Return only the lines below starting at the line containing "Marriott St Louis" and ending at the line containing "02-entry-hall.jpg", both included, exactly as they are and with no pictures.

RECORDS:
○ ○ ○ ○ ○

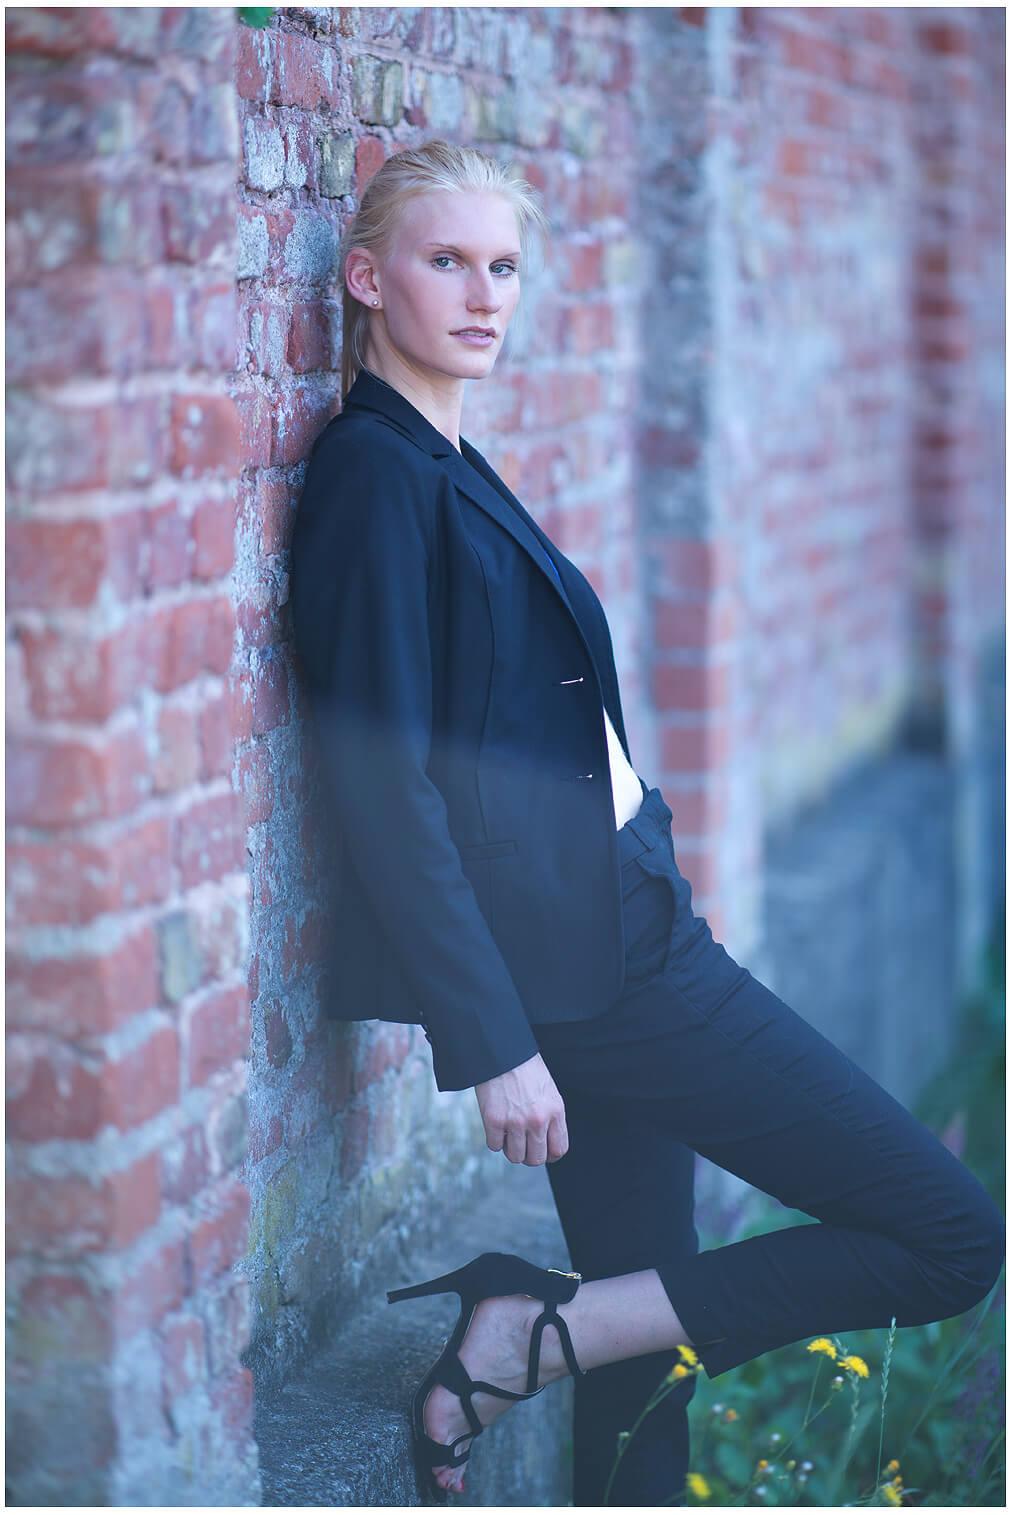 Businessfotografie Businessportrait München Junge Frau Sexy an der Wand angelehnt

○ ○ ○ ○ ○

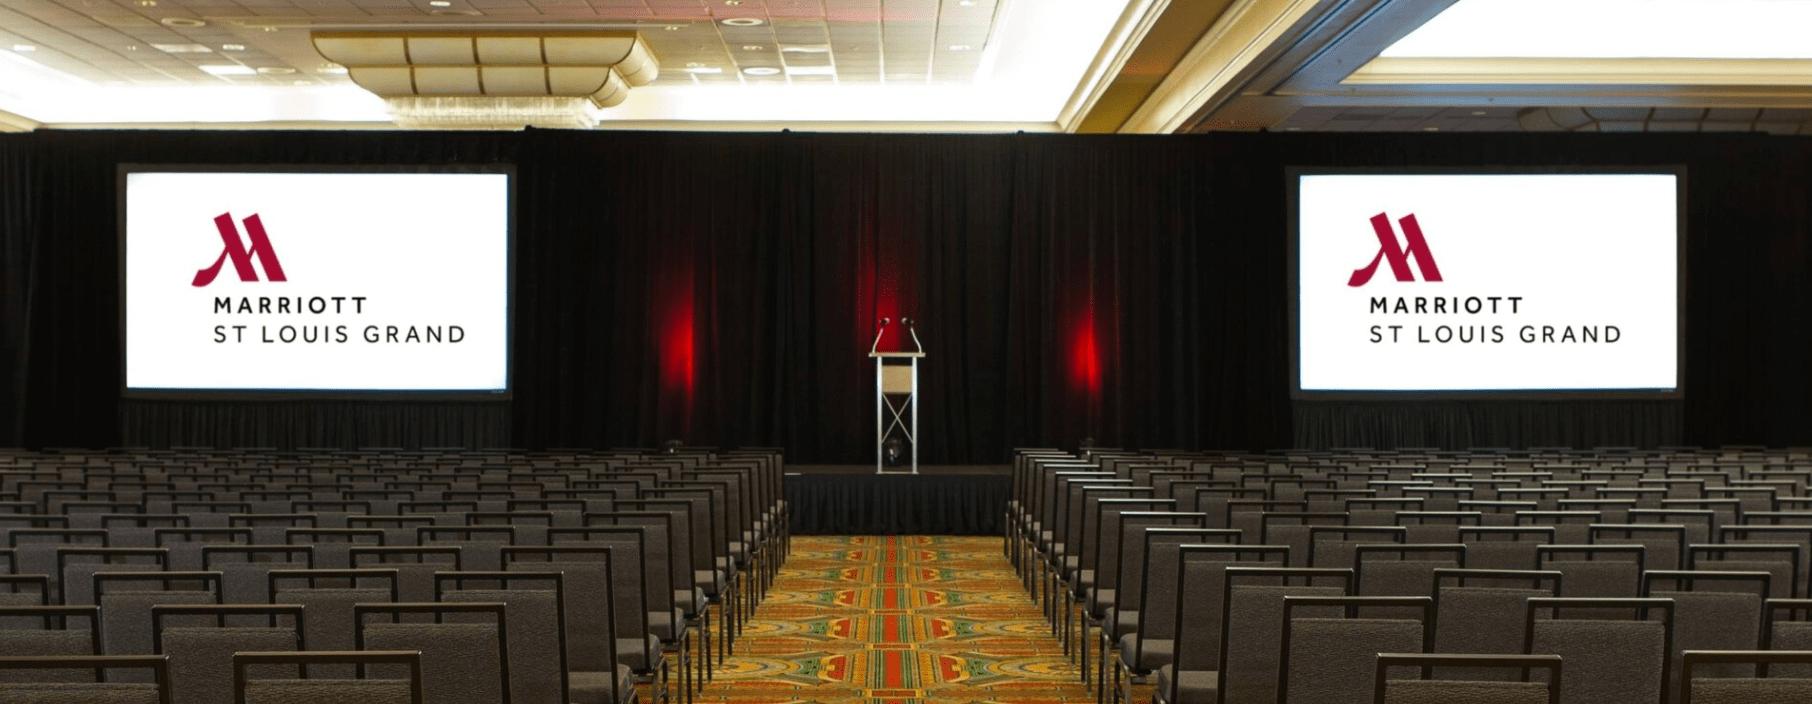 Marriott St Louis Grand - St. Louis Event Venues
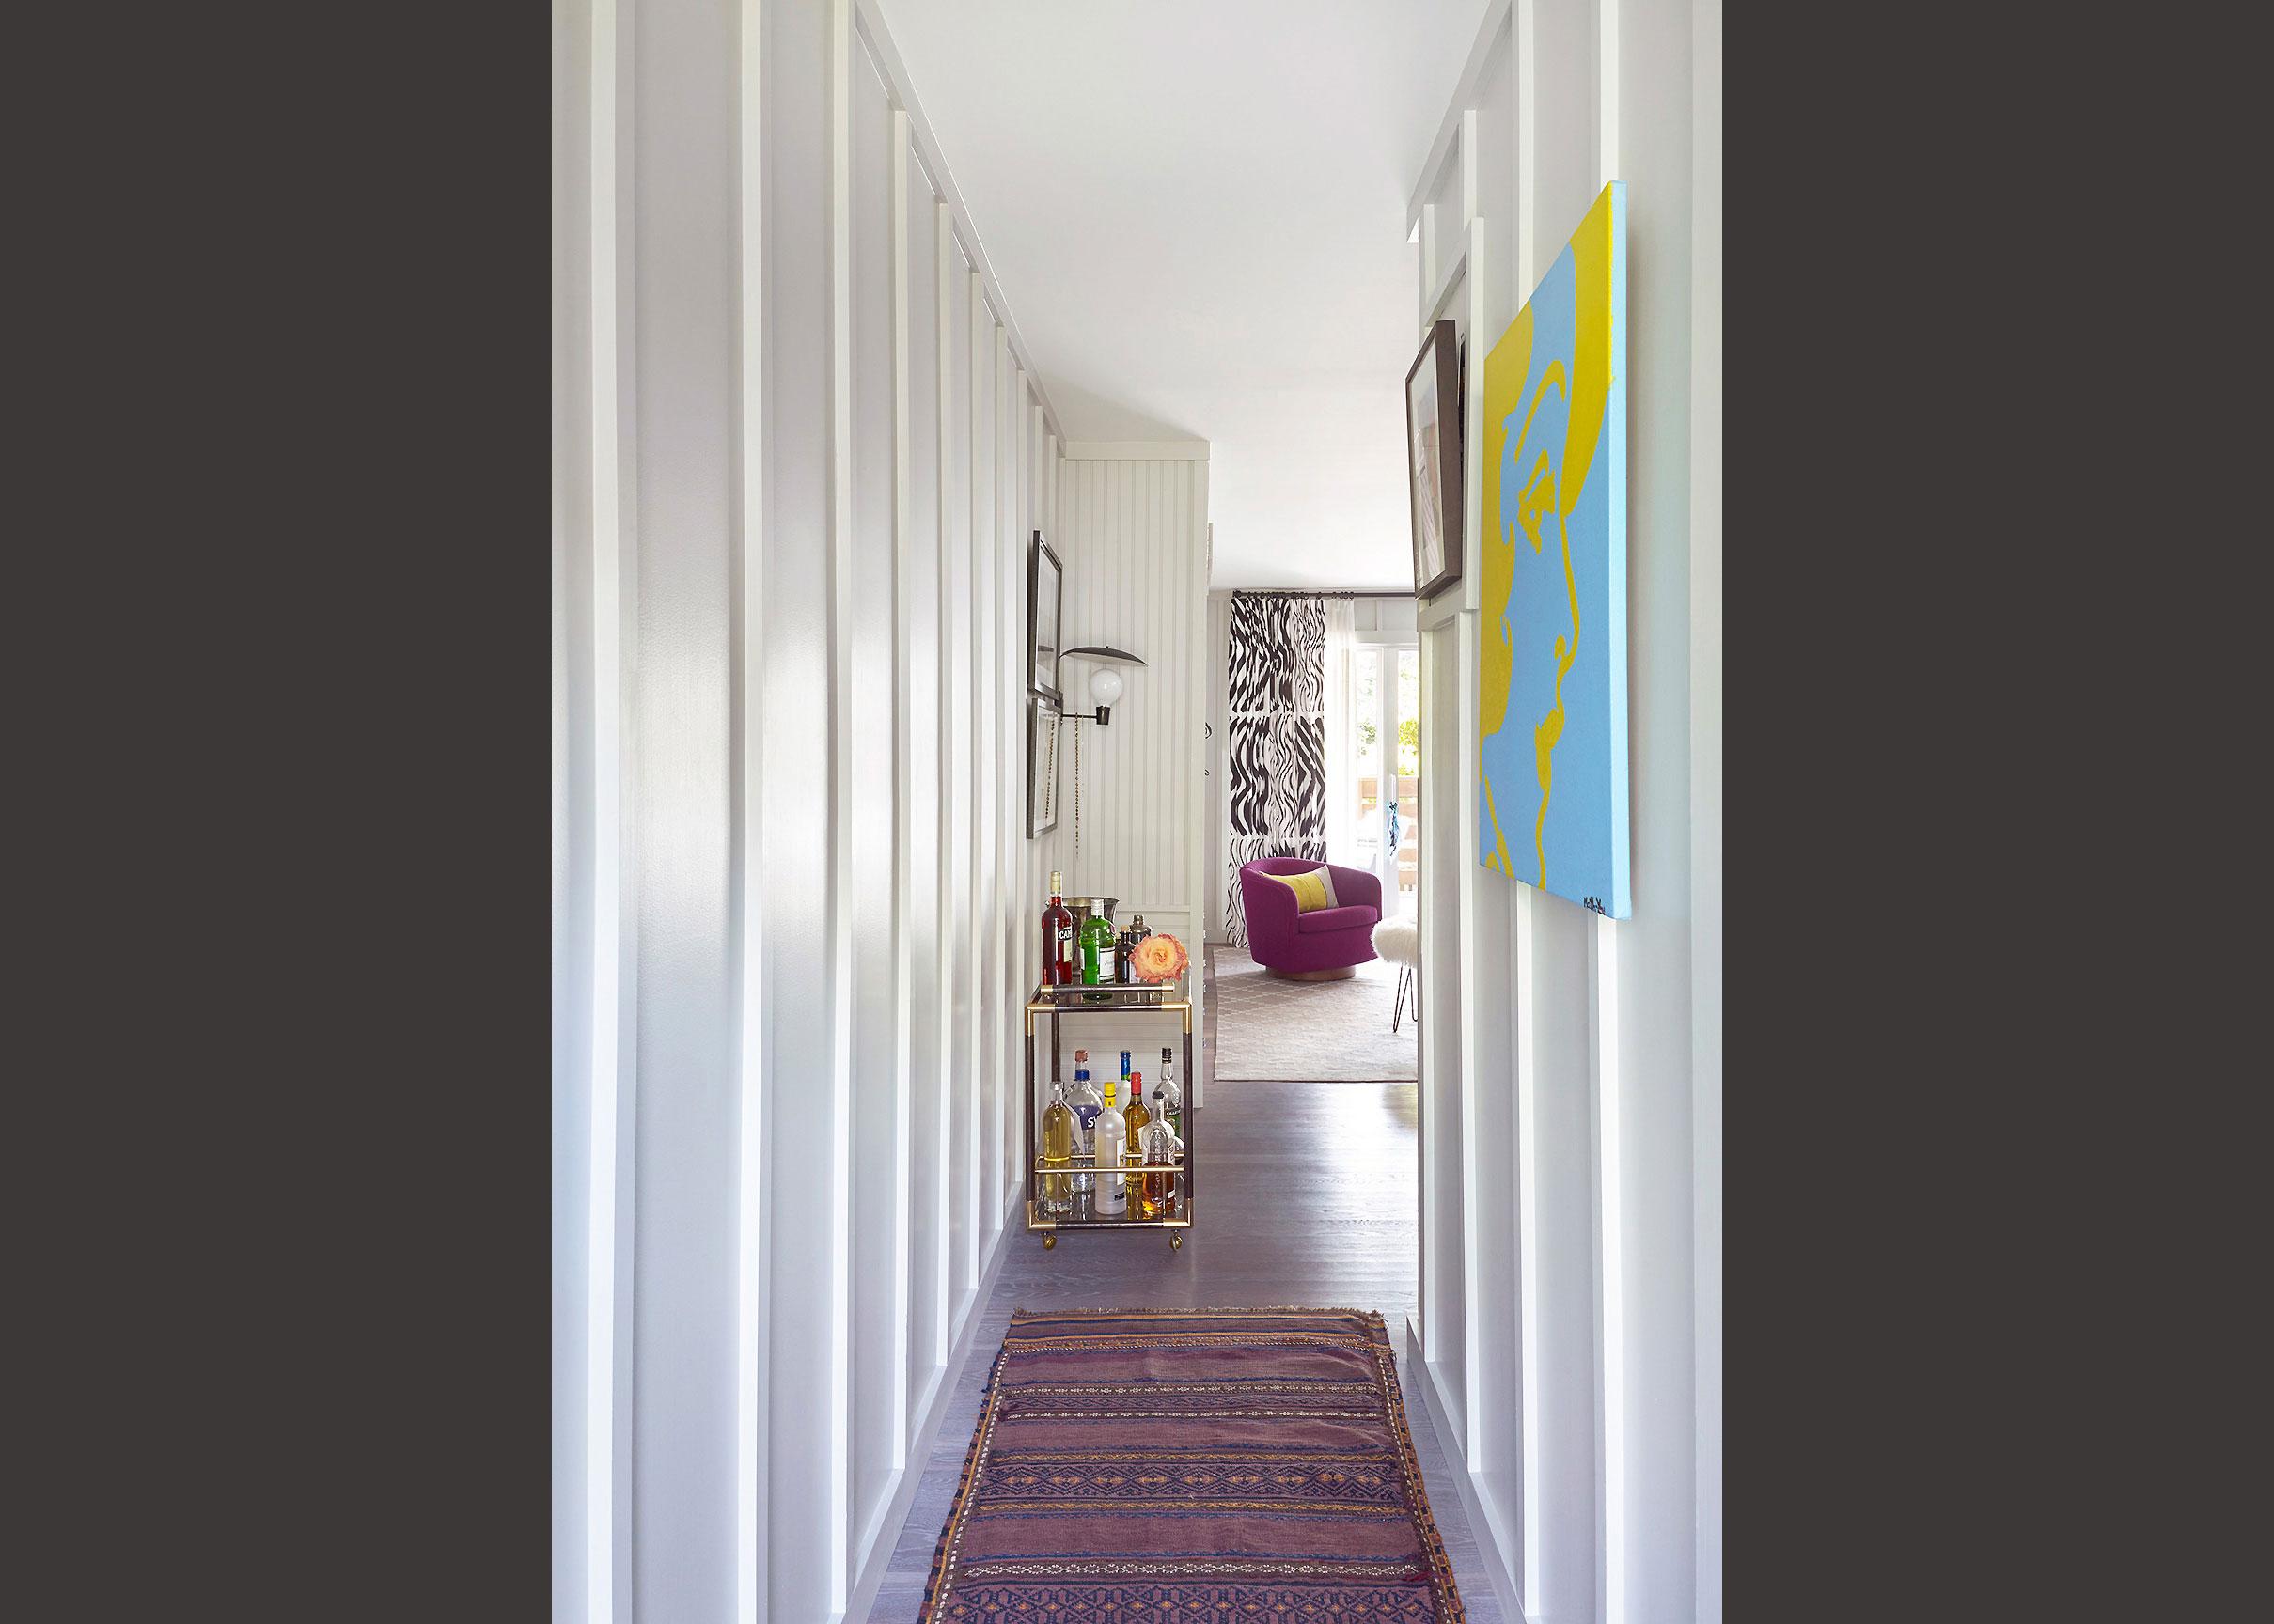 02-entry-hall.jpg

○ ○ ○ ○ ○

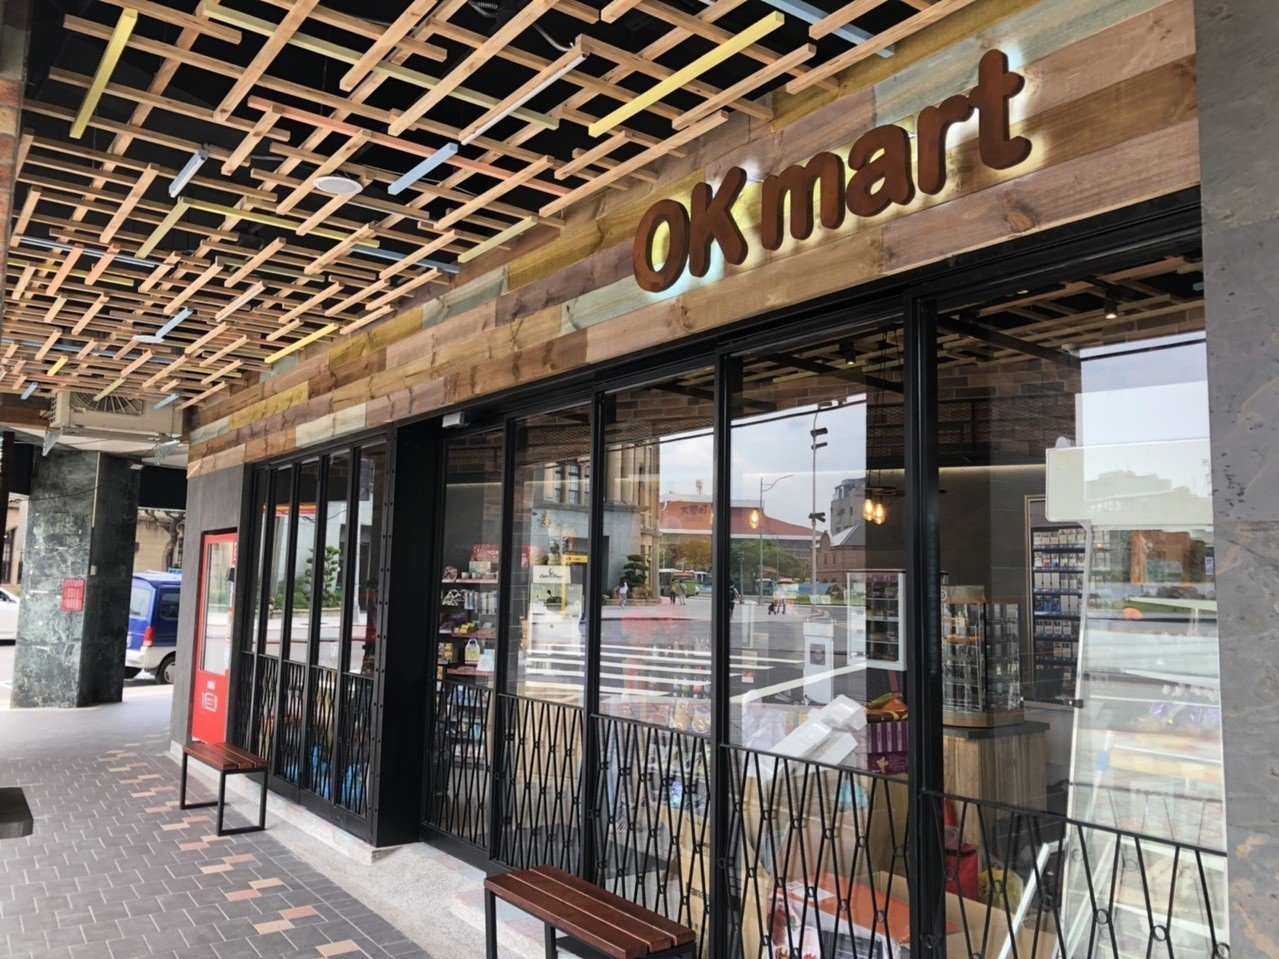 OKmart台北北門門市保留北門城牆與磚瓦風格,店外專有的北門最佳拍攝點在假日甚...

○ ○ ○ ○ ○

RESULT OF THE EXERCISE:
 Marriott St Louis Grand - St. Louis Event Venues
 02-entry-hall.jpg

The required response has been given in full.